§ TRY IT
Without the images, reproduce each line of the material exactly.

§ DATA EXTRACT
=== Begin Enclosure ===

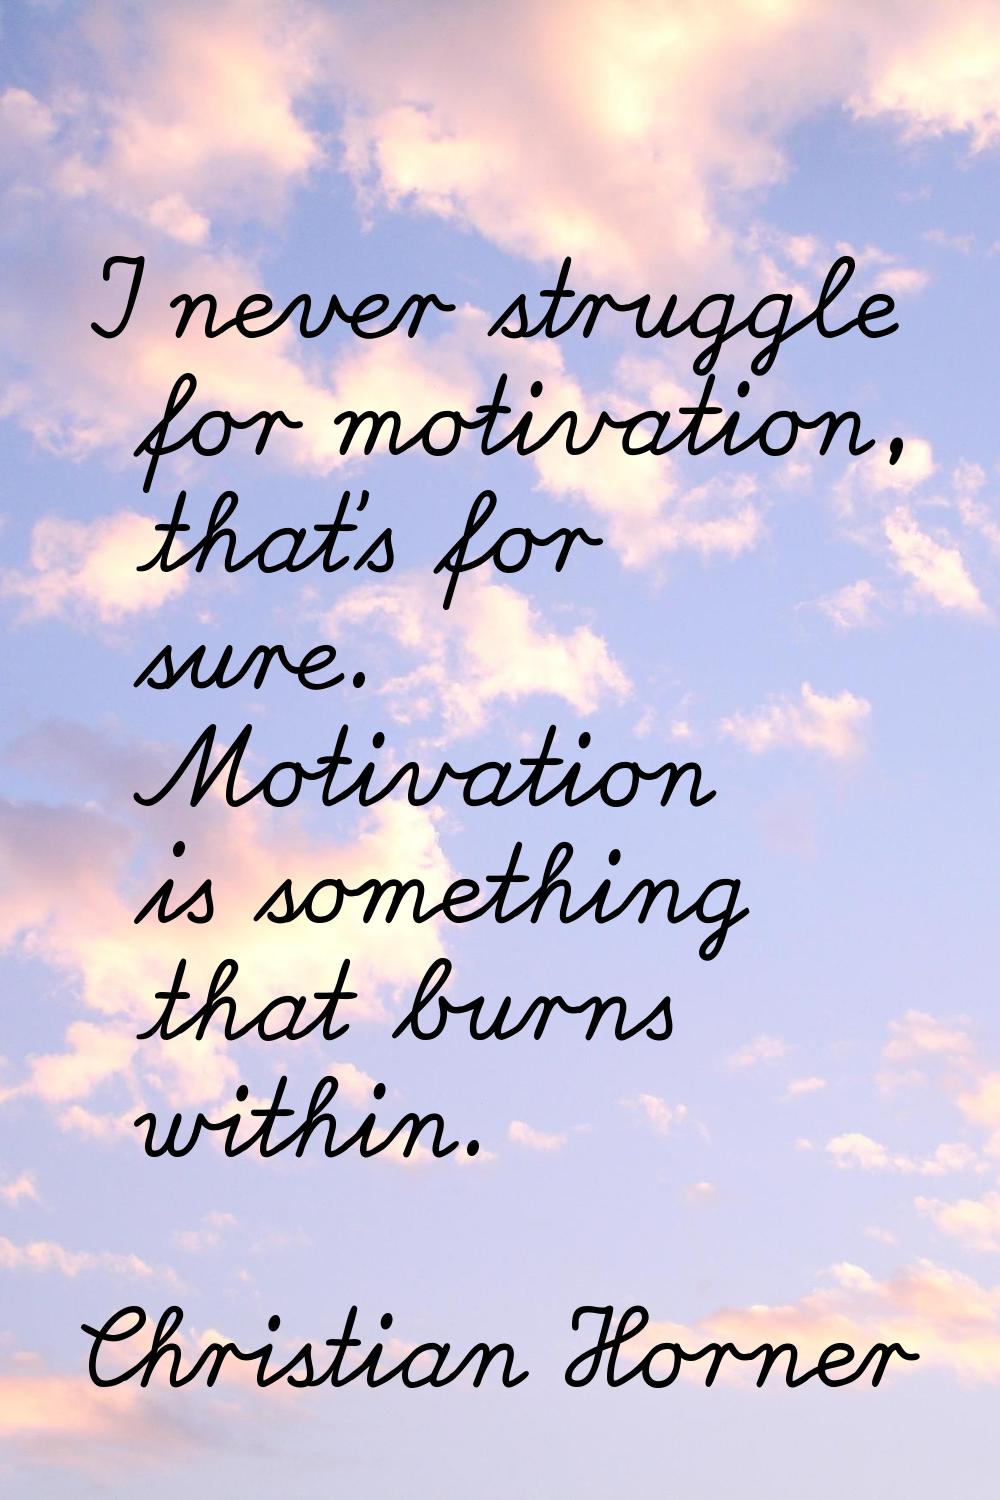 I never struggle for motivation, that's for sure. Motivation is something that burns within.
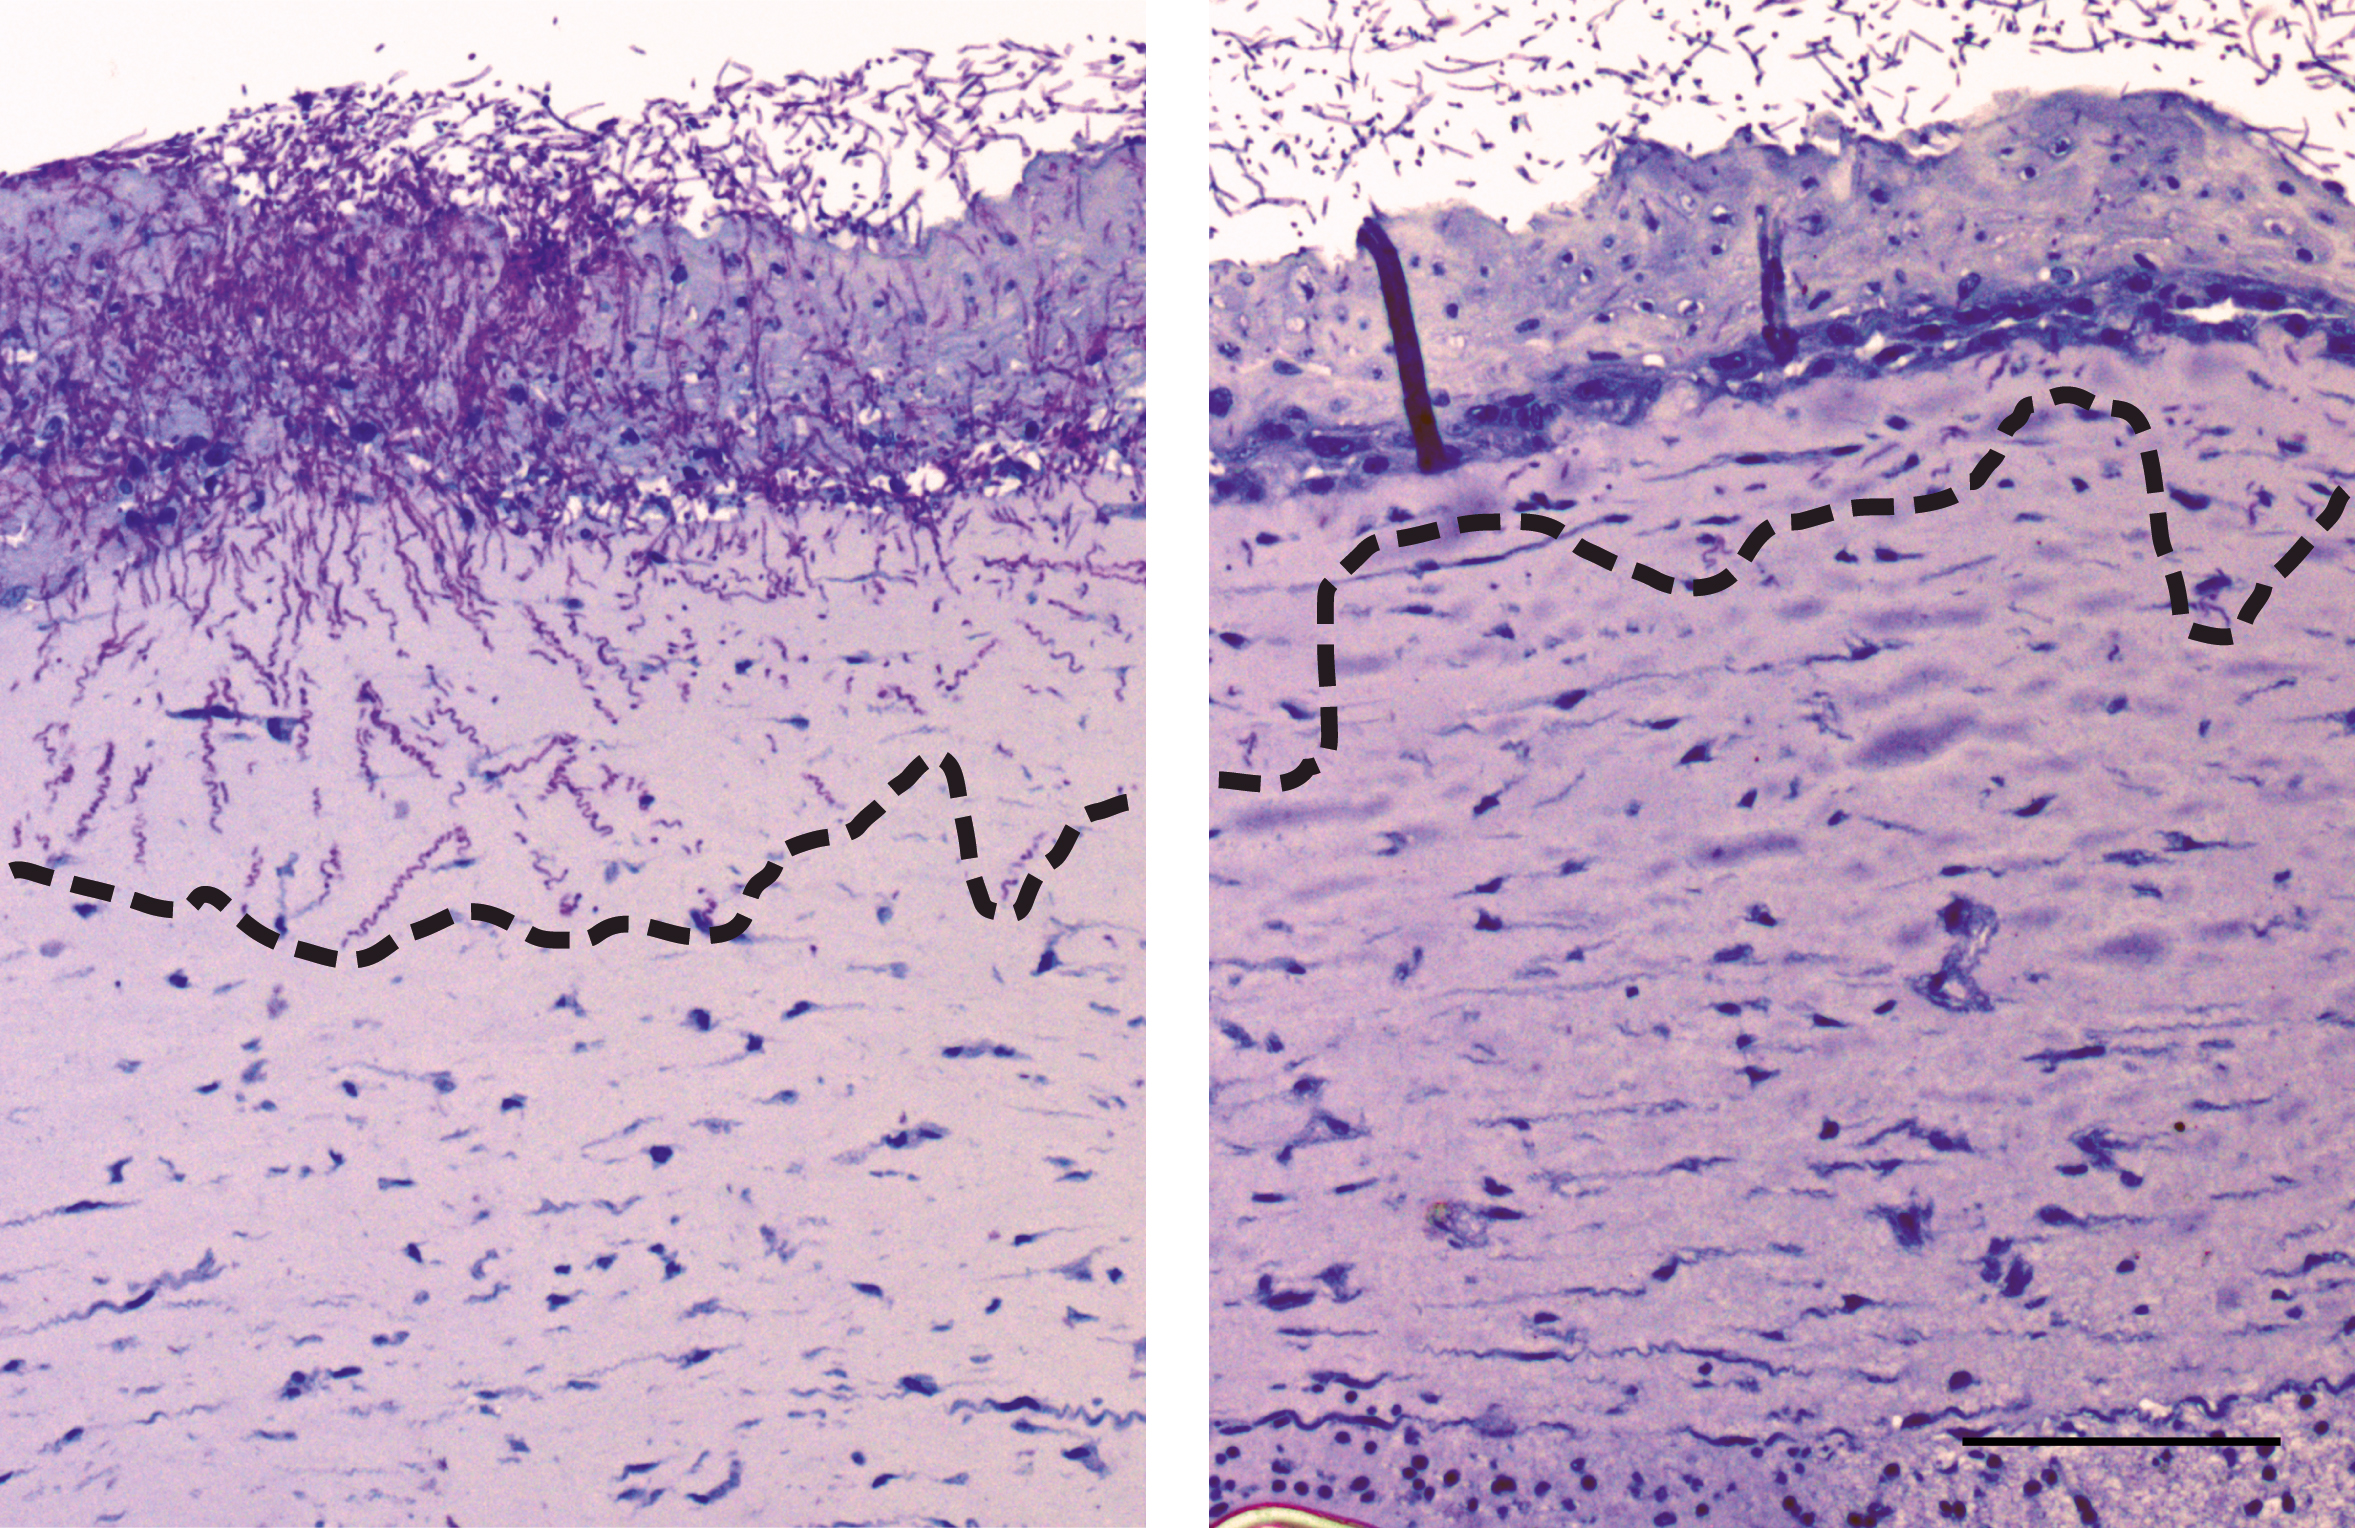 Infection of skin models with C. albicans in the presence (right) and absence (left) of immune cells.
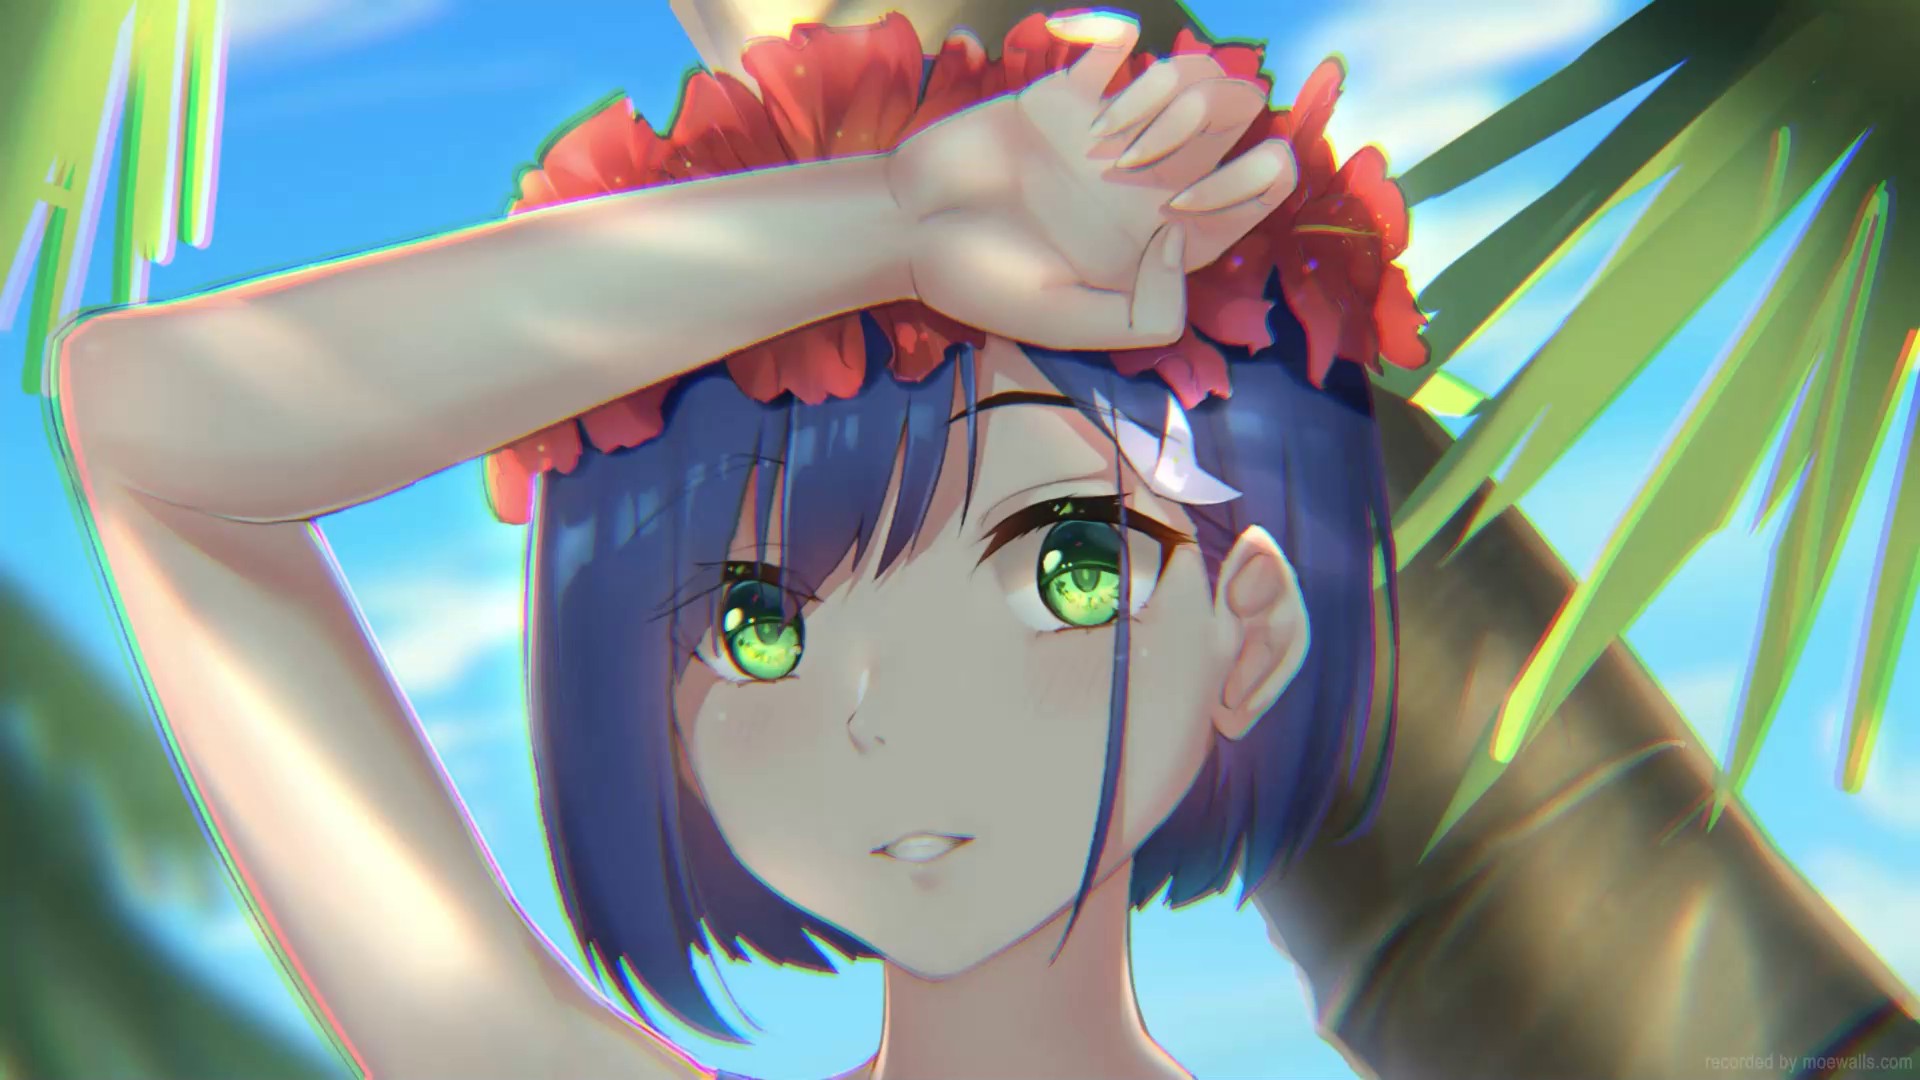 46 Summer Live Wallpapers, Animated Wallpapers - MoeWalls
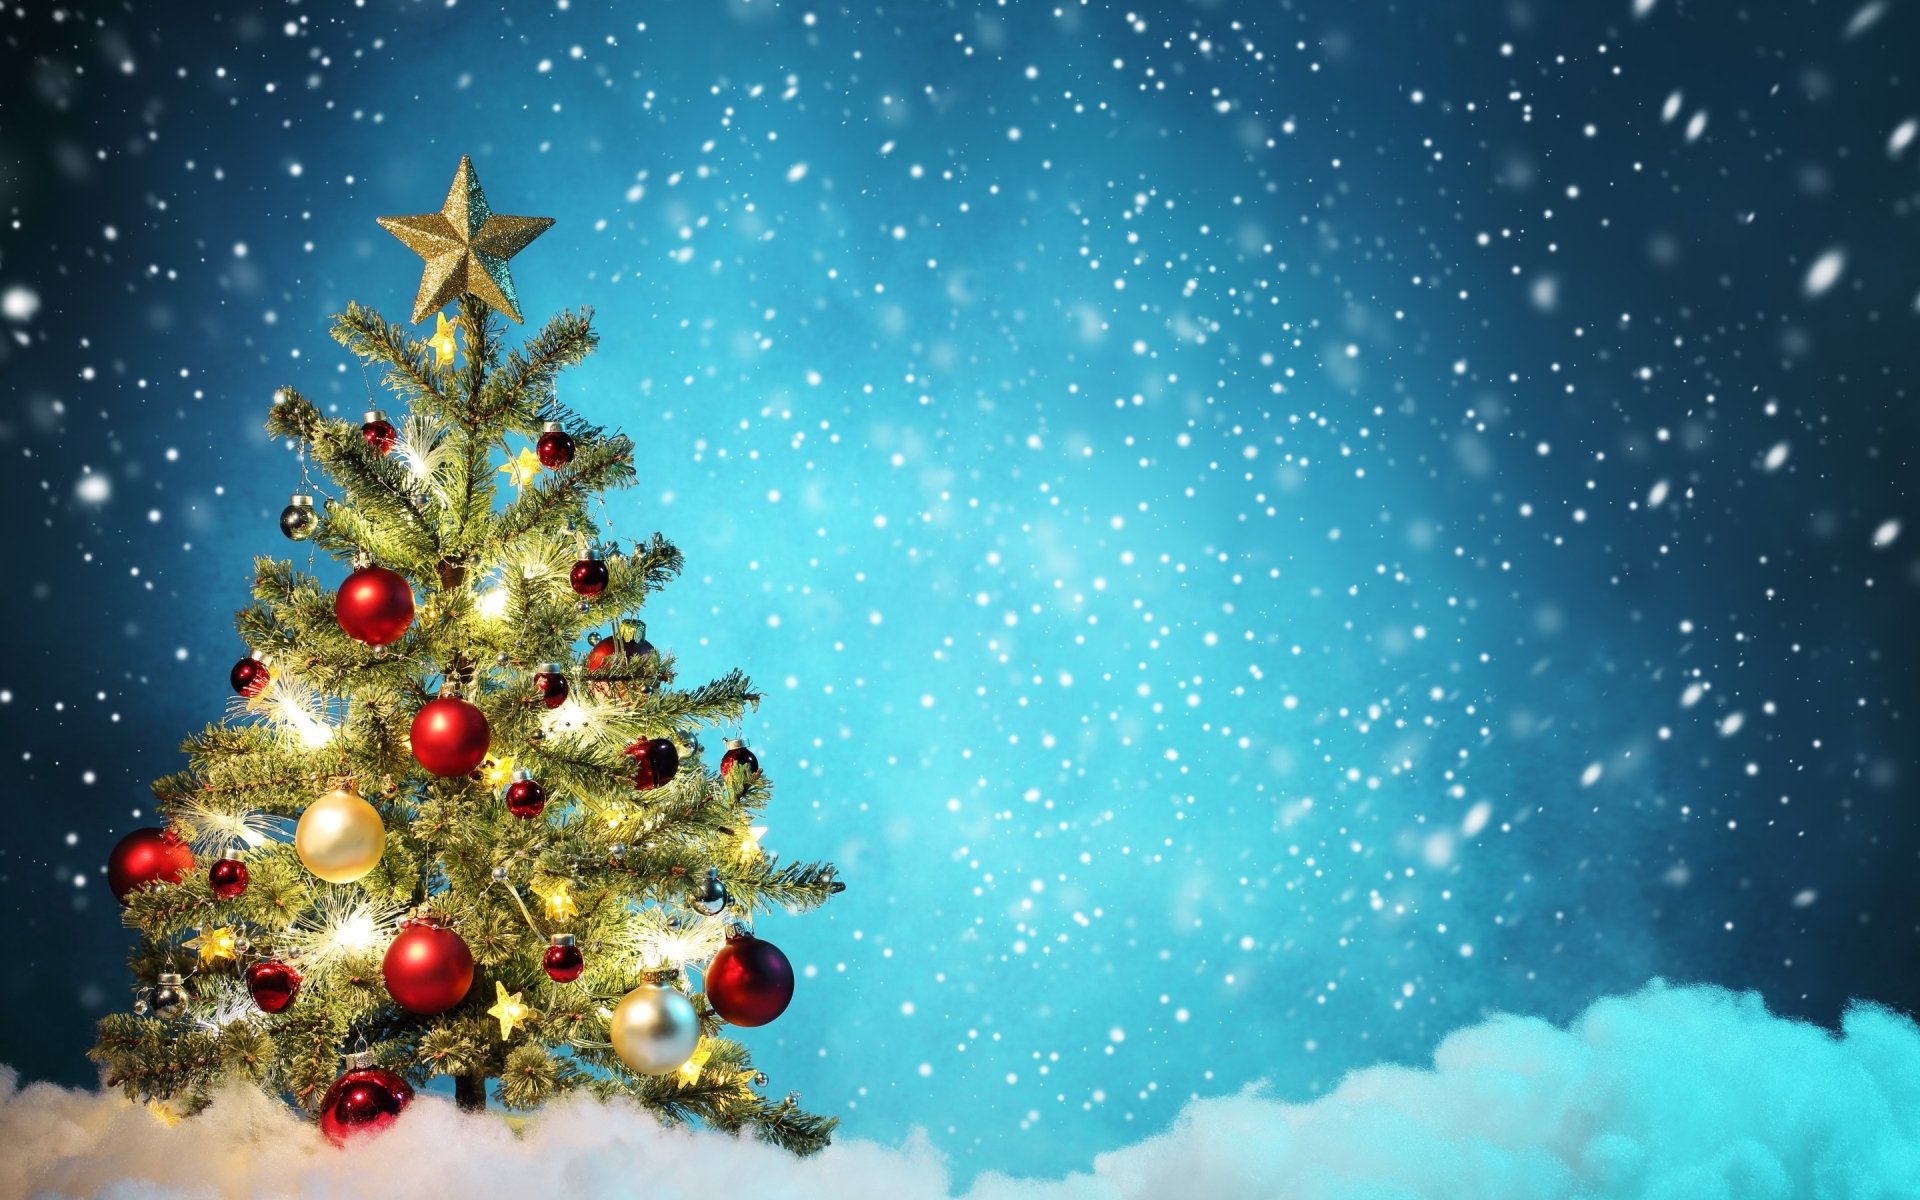 Christmas Background Hd Images Free Download : Christmas Wallpaper Hd ...

=== End Enclosure ===

§ REPLY TO THE TASK
 I never struggle for motivation, that's for sure. Motivation is something that burns within.
 Infection of skin models with C. albicans in the presence (right) and absence (left) of immune cells.
 46 Summer Live Wallpapers, Animated Wallpapers - MoeWalls
 Christmas Background Hd Images Free Download : Christmas Wallpaper Hd ...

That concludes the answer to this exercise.